Estoy intentando cargar un modelo ONNX desde el registro de Azure, pero no puedo ubicar el mode. El error que estoy recibiendo es el siguiente:
ERROR
2021-12-01 11:06:44,182 | root | ERROR | Error encontrado
Traza (última llamada):
“/opt/miniconda/envs/amlenv/lib/python3.7/site-packages/azuremlinferenceserverhttp/server/amlblueprint.py”,
Línea 201, en register
main.init() > “/var/azureml-app/211201115339-240776055/score.py”, Línea 11, en init
session = onnxruntime.InferenceSession(model) > “/opt/miniconda/envs/amlenv/lib/python3.7/site-packages/onnxruntime/capi/onnxruntimeinferencecollection.py”,
Línea 206, en init
self.createinferencesession(providadores, opcionesde proveedores) > “/opt/miniconda/envs/amlenv/lib/python3.7/site-packages/onnxruntime/capi/onnxruntimeinferencecollection.py”,
Línea 226, en createinferencesession
sess = C.InferenceSession(sessionoptions, self.modelpath, True, self.readconfigfrommodel)
onnxruntime.capi.onnxruntimepybind11state.NoSuchFile:
[ONNXRuntimeError] : 3 : NO_SUCHFILE : Load model from mnist.onnx
failed:Load model mnist.onnx failed.
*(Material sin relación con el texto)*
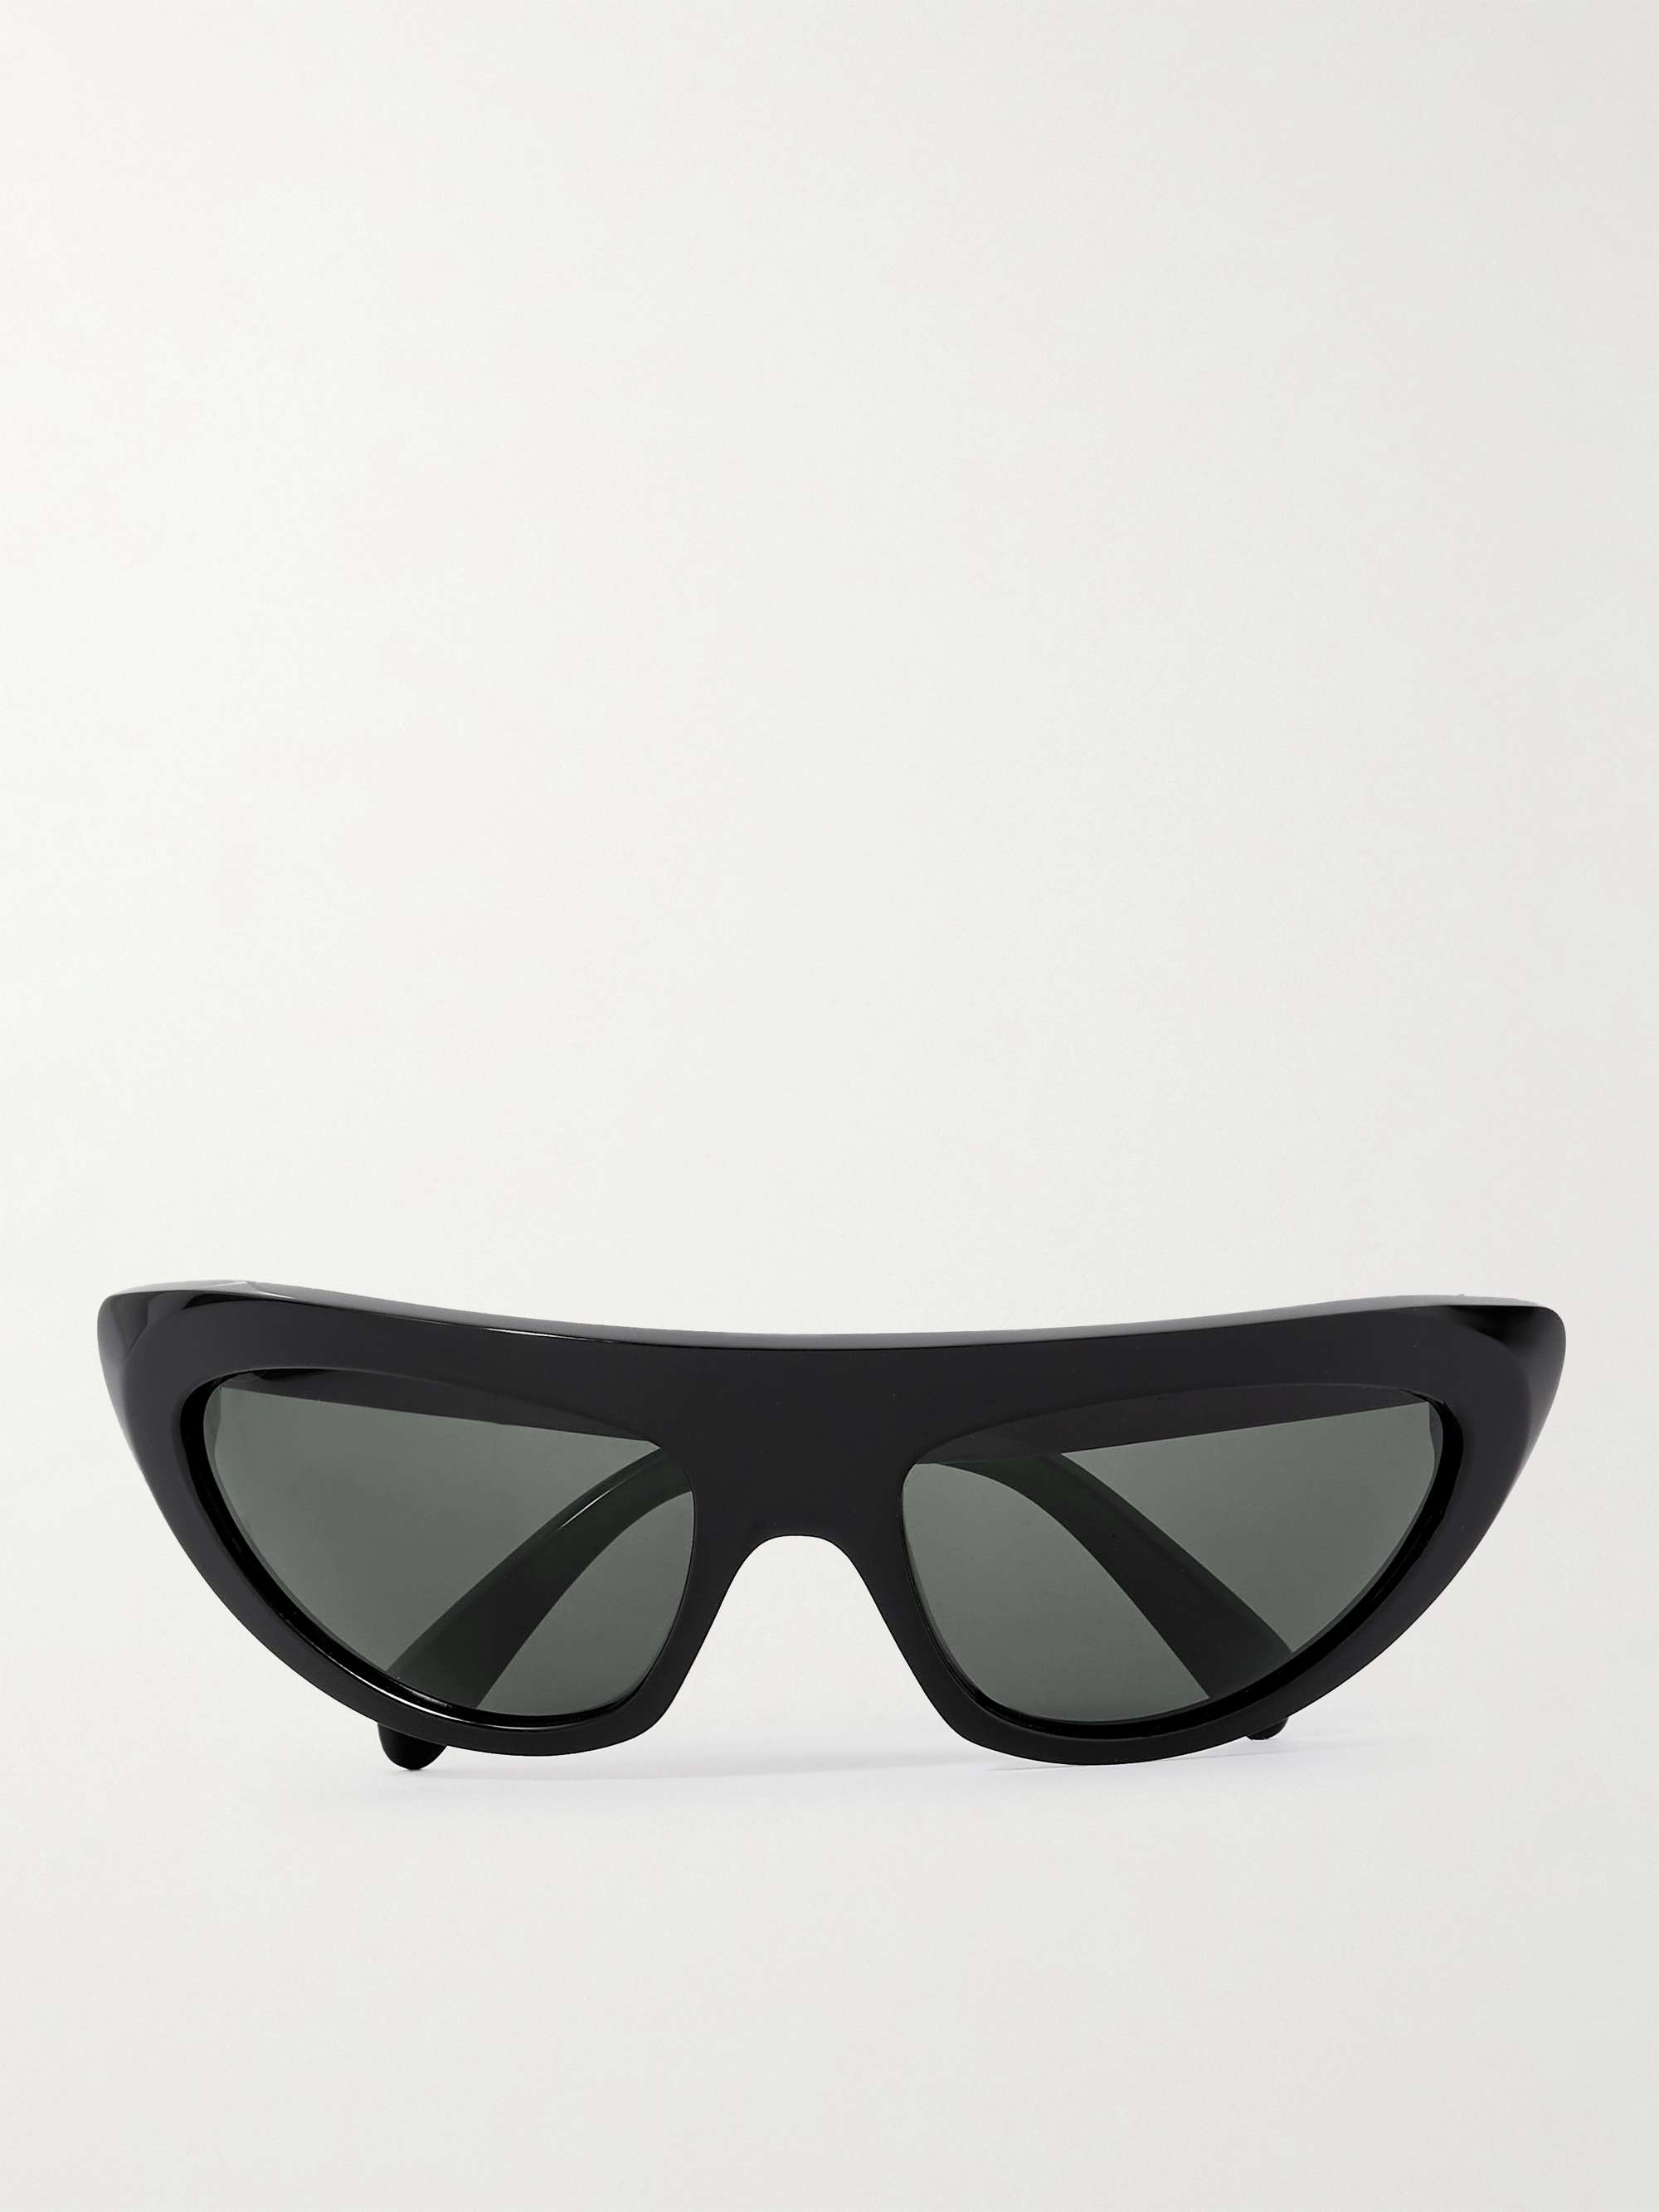 Celine Homme Men's D-Frame Acetate Sunglasses

File doesn’t exist
Mi función INIT en score.py es la siguiente:
def init():
global session
model = “mnist.onnx”
session = onnxruntime.InferenceSession(model)
El modelo en el registro se ve así:
davy.ai
Parece que el error es causado por la incapacidad de la función para ubicar el modelo ONNX en el registro de Azure. El mensaje de error indica que el archivo mnist.onnx no existe en la ruta especificada. Para resolver este problema, puede intentar los siguientes pasos:
az acr repository show-tags -n <registry-name> --repository <repository-name>
para listar las etiquetas disponibles para el repositorio especificado.Verifique la ruta al archivo de modelo en la función init. Asegúrese de que se especifique la ruta correcta y de que el archivo tenga el nombre correcto.
Confirme que el objeto InferenceSession se está creando correctamente. Puede verificar esto probando el código localmente.
Proporcione más detalles sobre el entorno en el que se está ejecutando el código, como el sistema operativo, la versión de Python y las bibliotecas y dependencias específicas que se están utilizando. Esto puede ayudar a identificar posibles problemas de compatibilidad.
También es posible que el problema sea causado por un error de red o un problema de conectividad. Verifique su conexión de red o intente ejecutar el código en un entorno diferente para ver si persiste el problema.
Siguiendo estos pasos, con suerte podrá resolver el error y cargar correctamente el modelo ONNX desde el registro de Azure.